Deploying Redis on Kubernetes: A Strategic Guide

Introduction: The Redis Ecosystem at a Crossroads

For years, deploying Redis on Kubernetes seemed straightforward—spin up a StatefulSet, maybe use a popular Helm chart, and you're done. But in March 2024, the Redis landscape fundamentally changed. Redis Ltd. abandoned the permissive BSD license that made Redis a beloved open-source project and adopted a restrictive dual-license model (RSALv2/SSPLv1) designed to prevent cloud providers from offering managed Redis services.

This license change wasn't just a legal technicality. The Server-Side Public License (SSPLv1) contains what many call a "poison pill": if you provide Redis as a service, you must open-source your entire infrastructure stack under the same license. For any company building a platform or SaaS product, this creates existential legal risk.

The open-source community's response was swift and decisive. AWS, Google Cloud, Oracle, and the original Redis developers forked the last truly open-source version (Redis 7.2.4) and created Valkey—a drop-in replacement for Redis, permanently licensed under BSD-3-Clause and governed by the Linux Foundation.

This schism has profound implications for infrastructure decisions. Project Planton defaults to Valkey, not Redis. This document explains the deployment landscape, the evolution from anti-patterns to production-ready solutions, and why certain architectural choices matter for your applications running on Kubernetes.

The Maturity Spectrum: From Anti-Patterns to Production

Deploying stateful applications like Redis on Kubernetes isn't trivial. The platform was designed for ephemeral, stateless workloads. Understanding the evolution of deployment methods—from what doesn't work to what does—is essential for making informed decisions.

Level 0: The Anti-Pattern (Kubernetes Deployment)

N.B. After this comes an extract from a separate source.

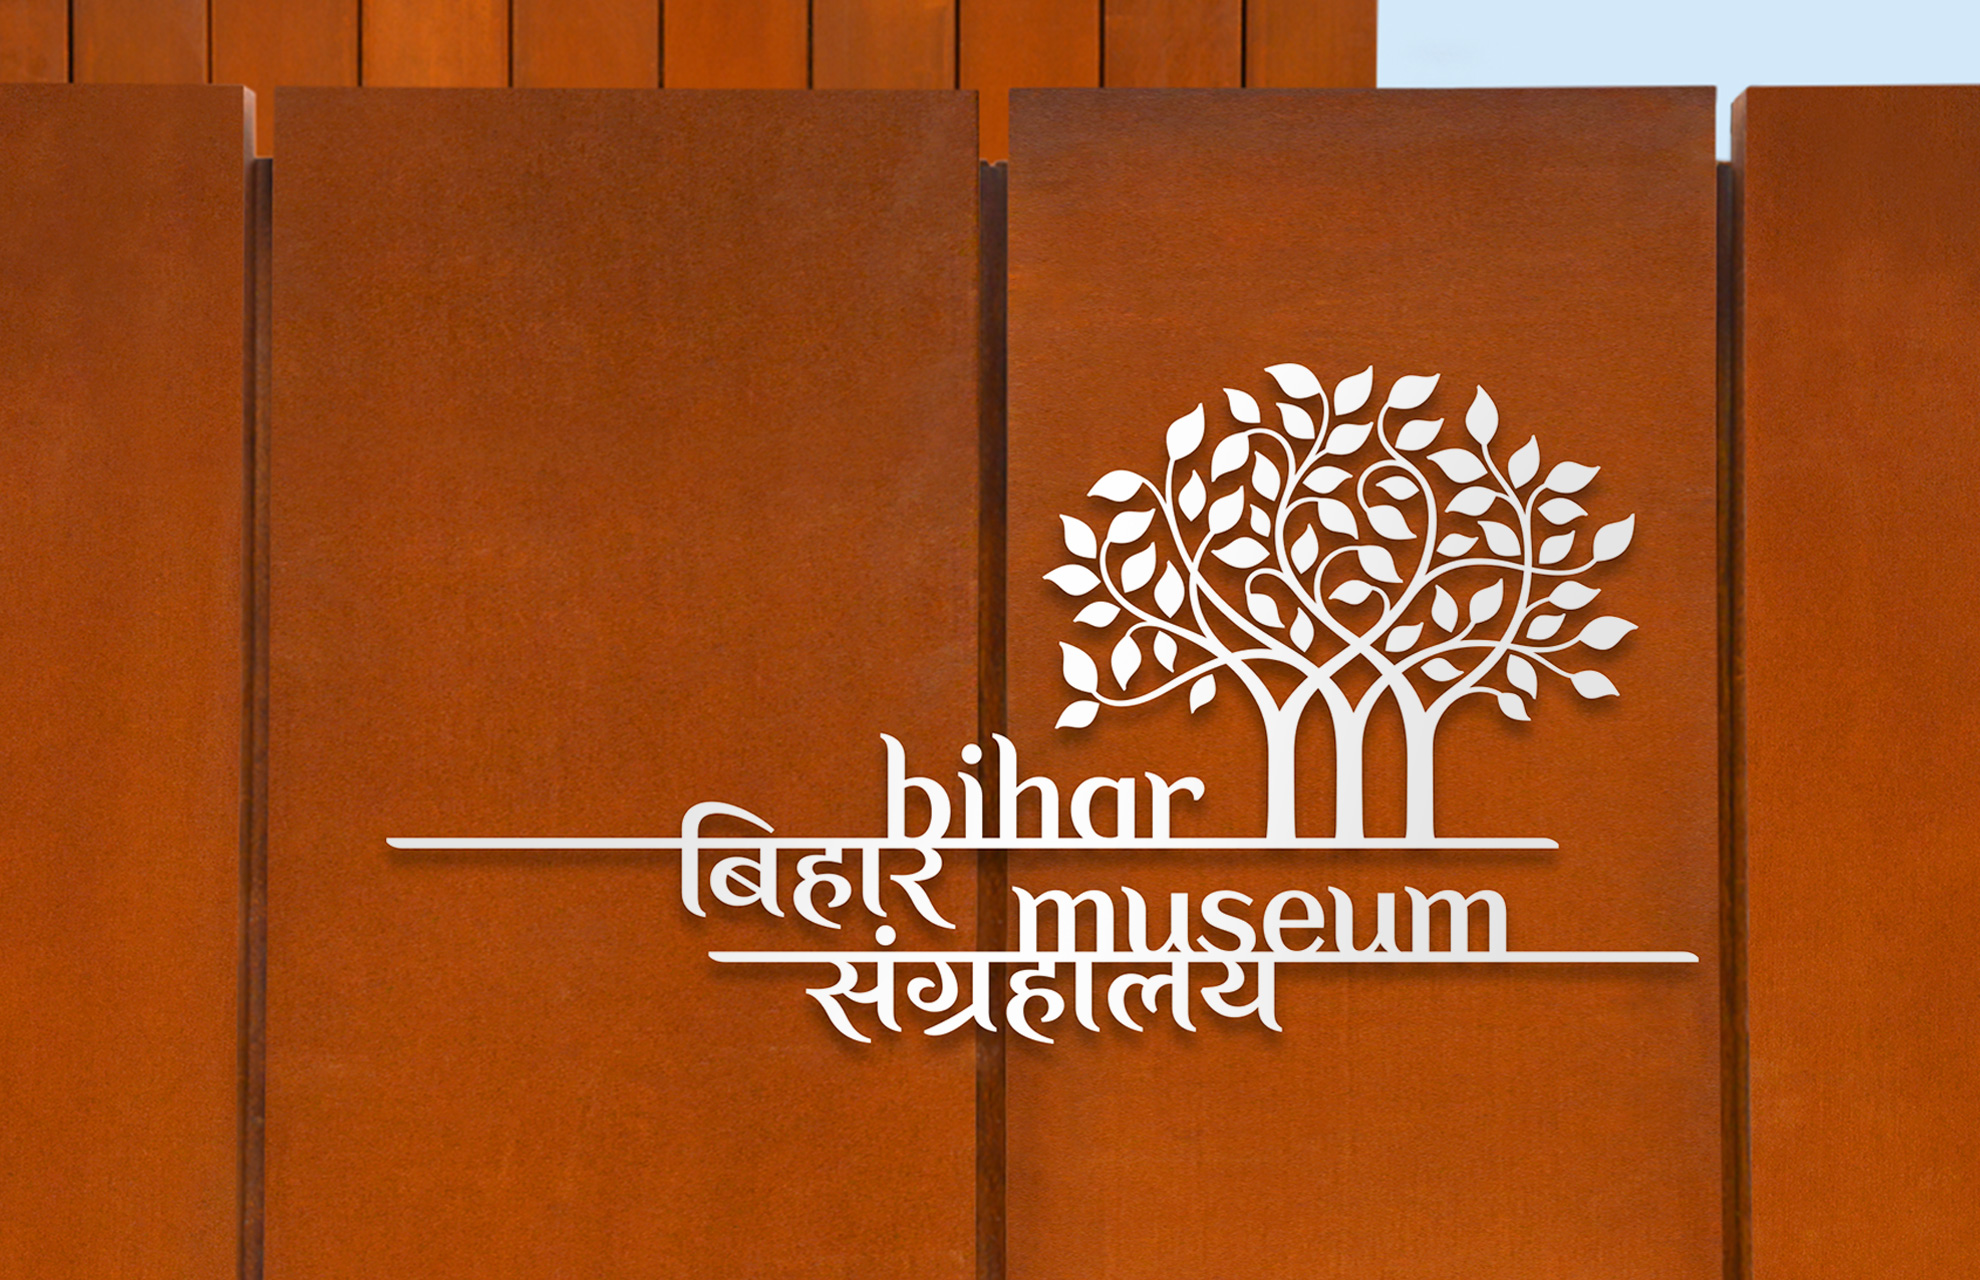 Bihar-Museum-1A

Many tutorials demonstrate deploying Redis using a standard Kubernetes Deployment with a ConfigMap. This is a critical anti-pattern for any production use case.

Why it fails:

  1. No Stable Identity: Deployments manage fungible pods. When a pod restarts, it gets a new name and IP address. Redis replication and clustering require stable, discoverable addresses. When your master pod fails and restarts with a new identity, replicas can't find it. The replication chain breaks.

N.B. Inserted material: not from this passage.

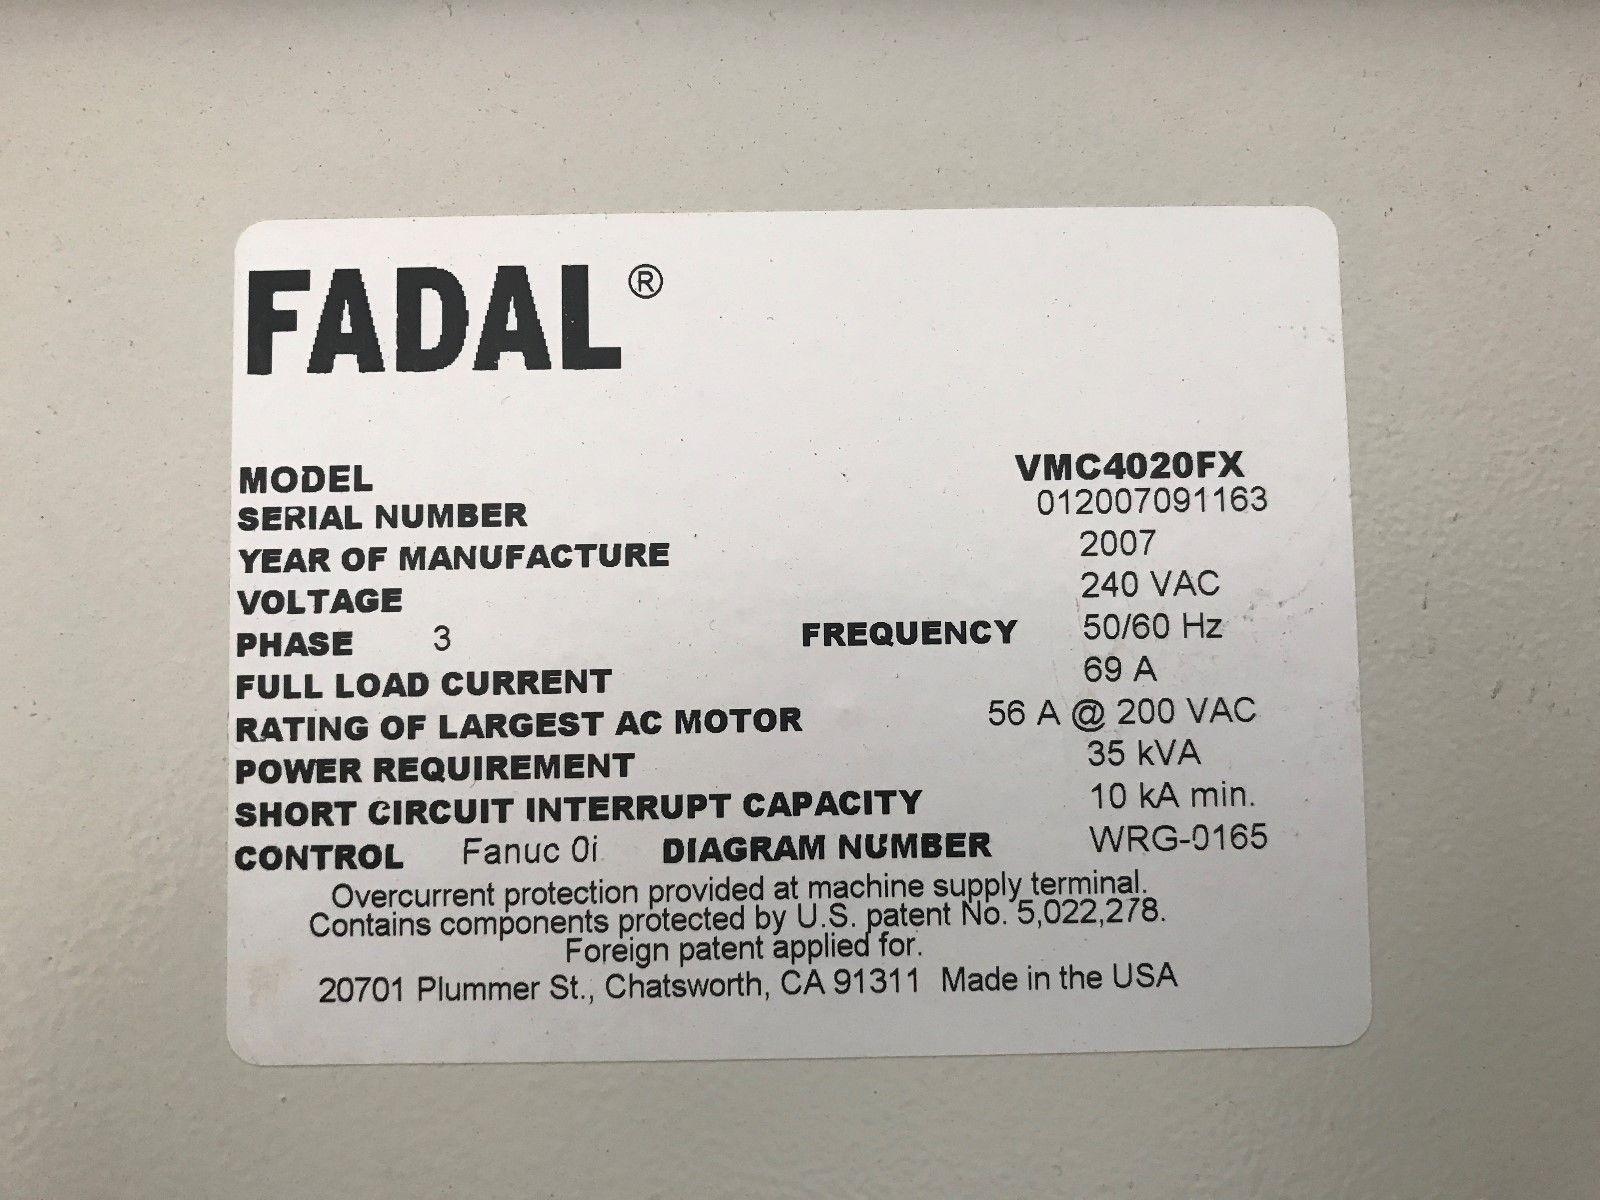 fadal vmc 4020 fx manual

  2. Storage Roulette: If you use emptyDir volumes, all data vanishes on every restart. If you attach a PersistentVolumeClaim (PVC), Kubernetes provides no guarantee the restarted pod will reattach to the correct volume. You might end up with a new, empty volume while your data sits orphaned on another.

  3. The Sidecar Trap: Running Redis as a sidecar in your application pod is even worse. Every application deployment terminates the entire pod—wiping Redis from memory. This defeats the entire purpose of having a cache or database.

Verdict: Never use a Deployment for Redis. It violates both Kubernetes scheduling assumptions and Redis's architectural requirements.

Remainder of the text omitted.